● **Collected data**:
━━━━
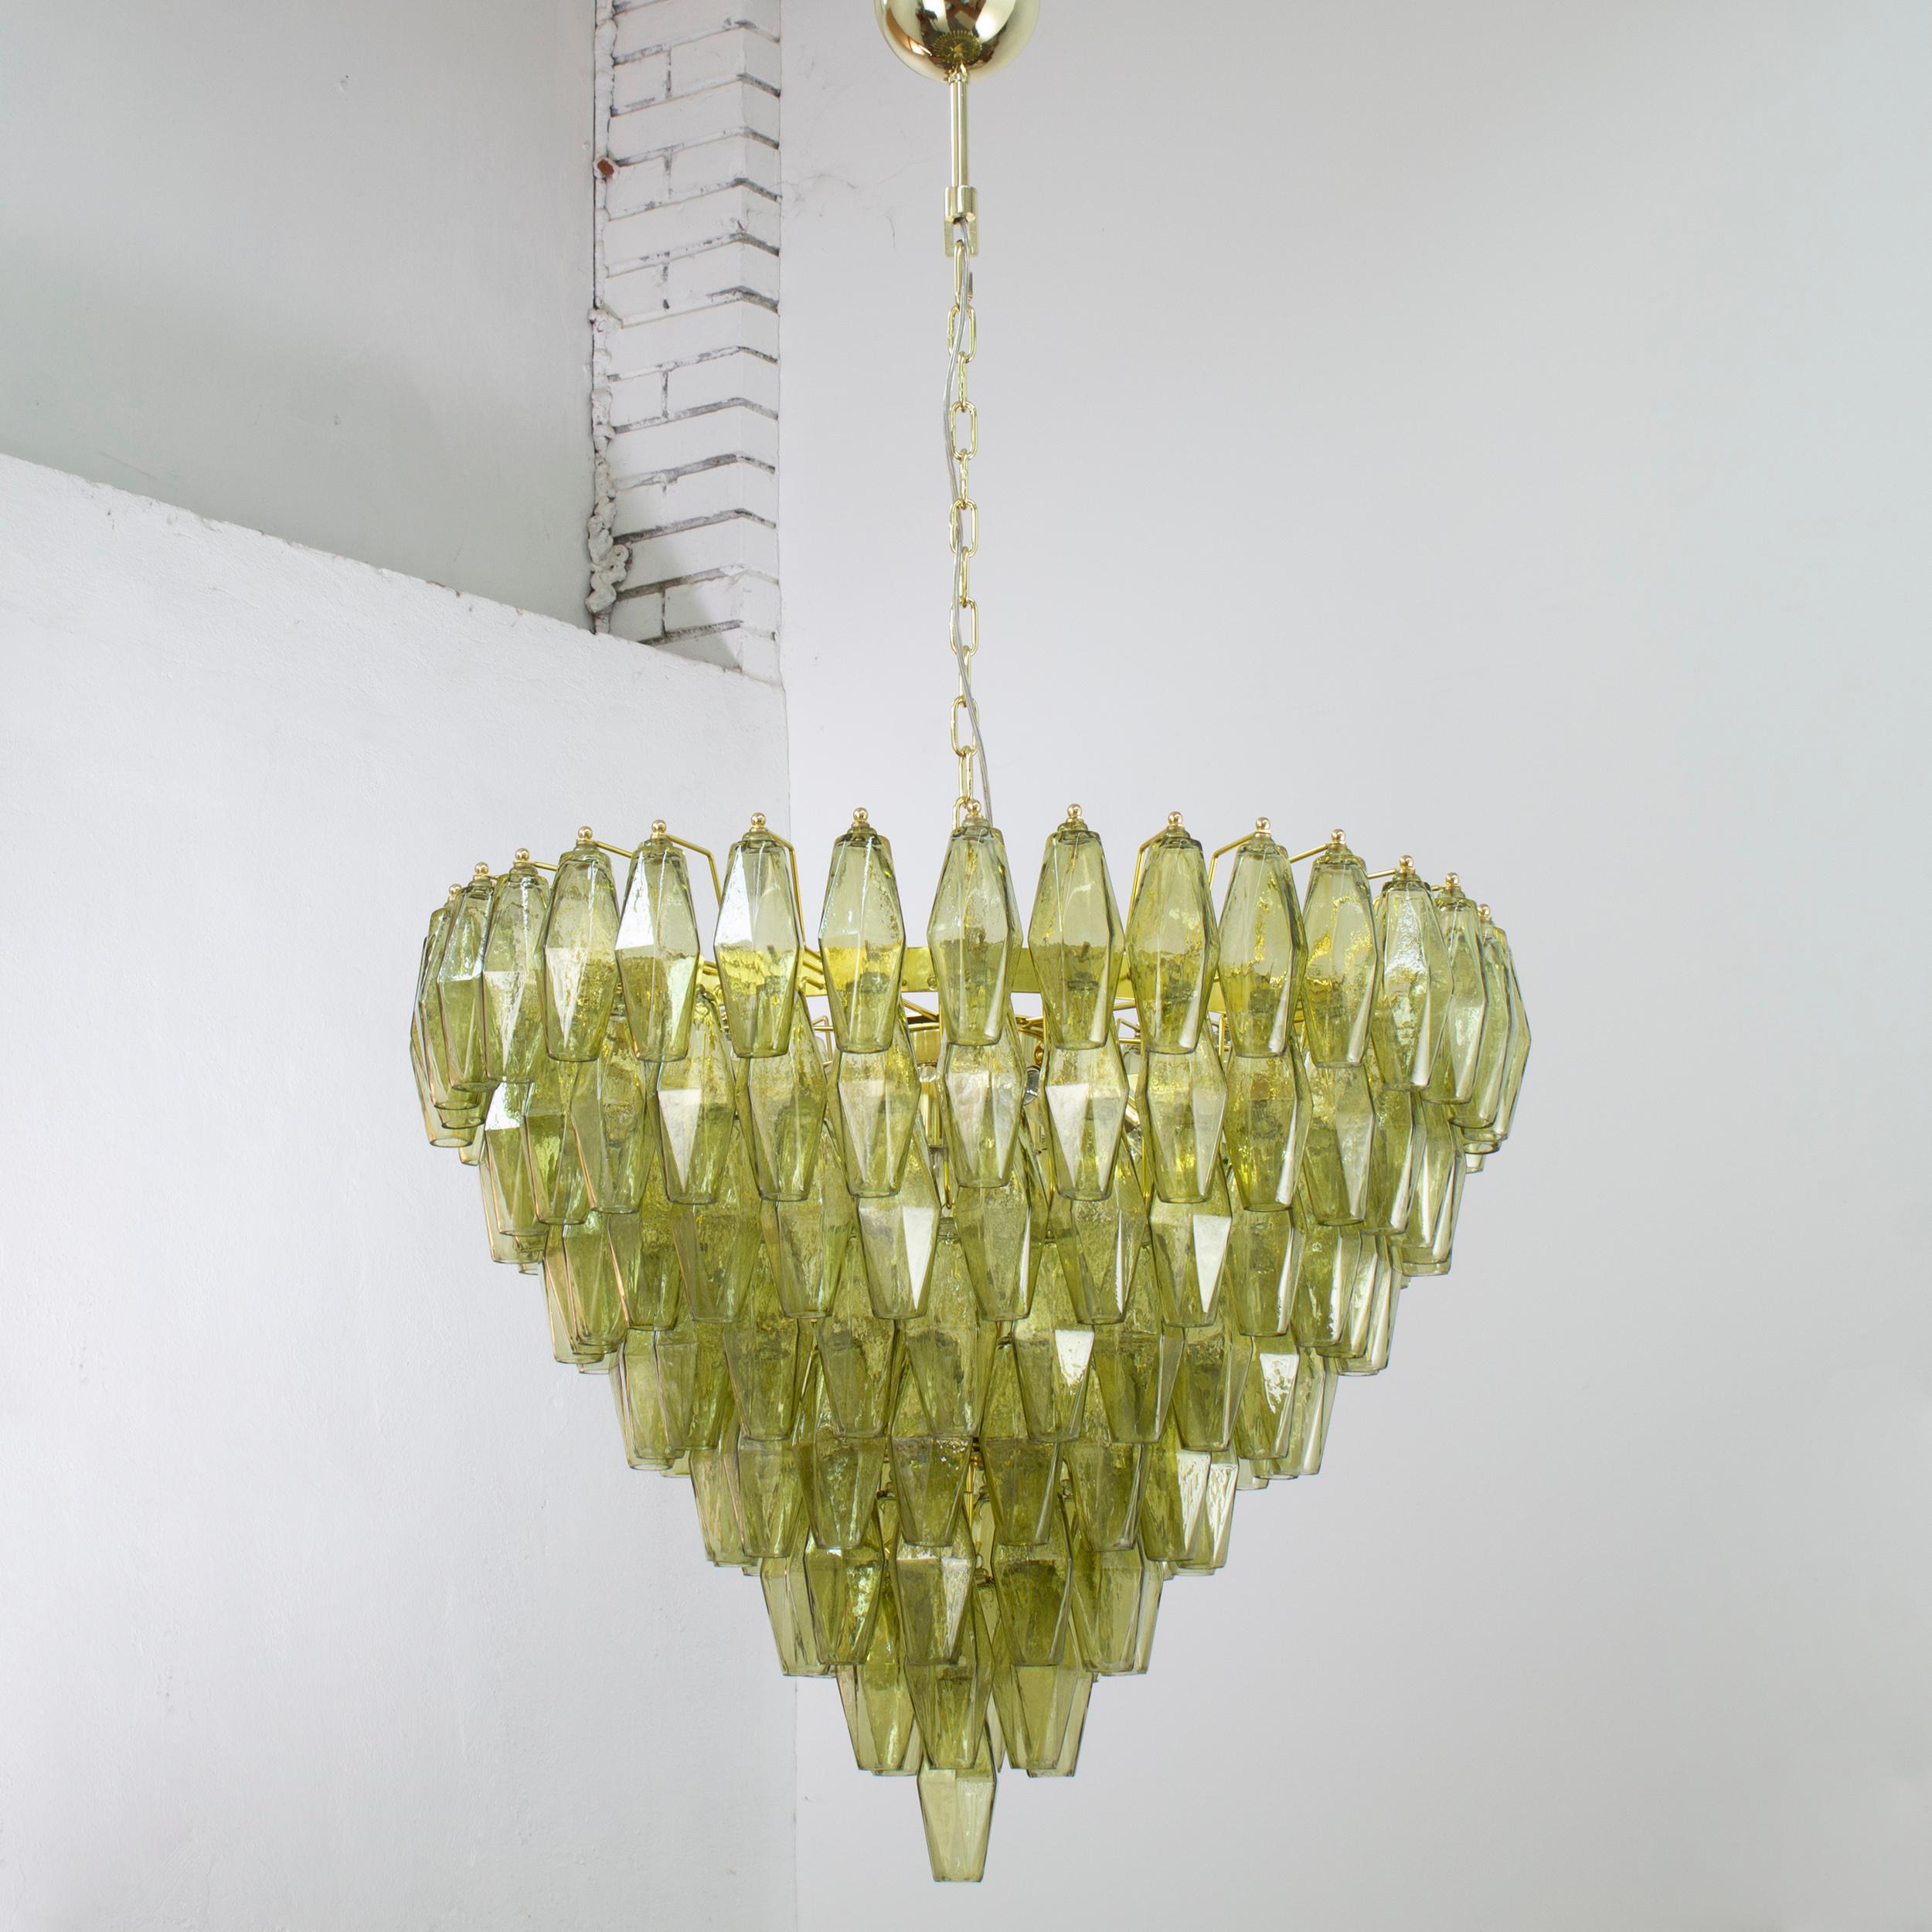 Grande lampe en verre de Murano, couleur verte, inspirée du style italien du milieu du siècle dernier.

Directement à partir de l'écran :
Nous ne sommes pas de simples fournisseurs, mais des producteurs directs ! Situées à proximité de Venise, au
━━━━
● **Task instructions**: The final stretch of the listing, from the line containing "Directement à partir" through its last line, both included, is to be output exactly and by itself.

● **Result of the task**:
Directement à partir de l'écran :
Nous ne sommes pas de simples fournisseurs, mais des producteurs directs ! Situées à proximité de Venise, au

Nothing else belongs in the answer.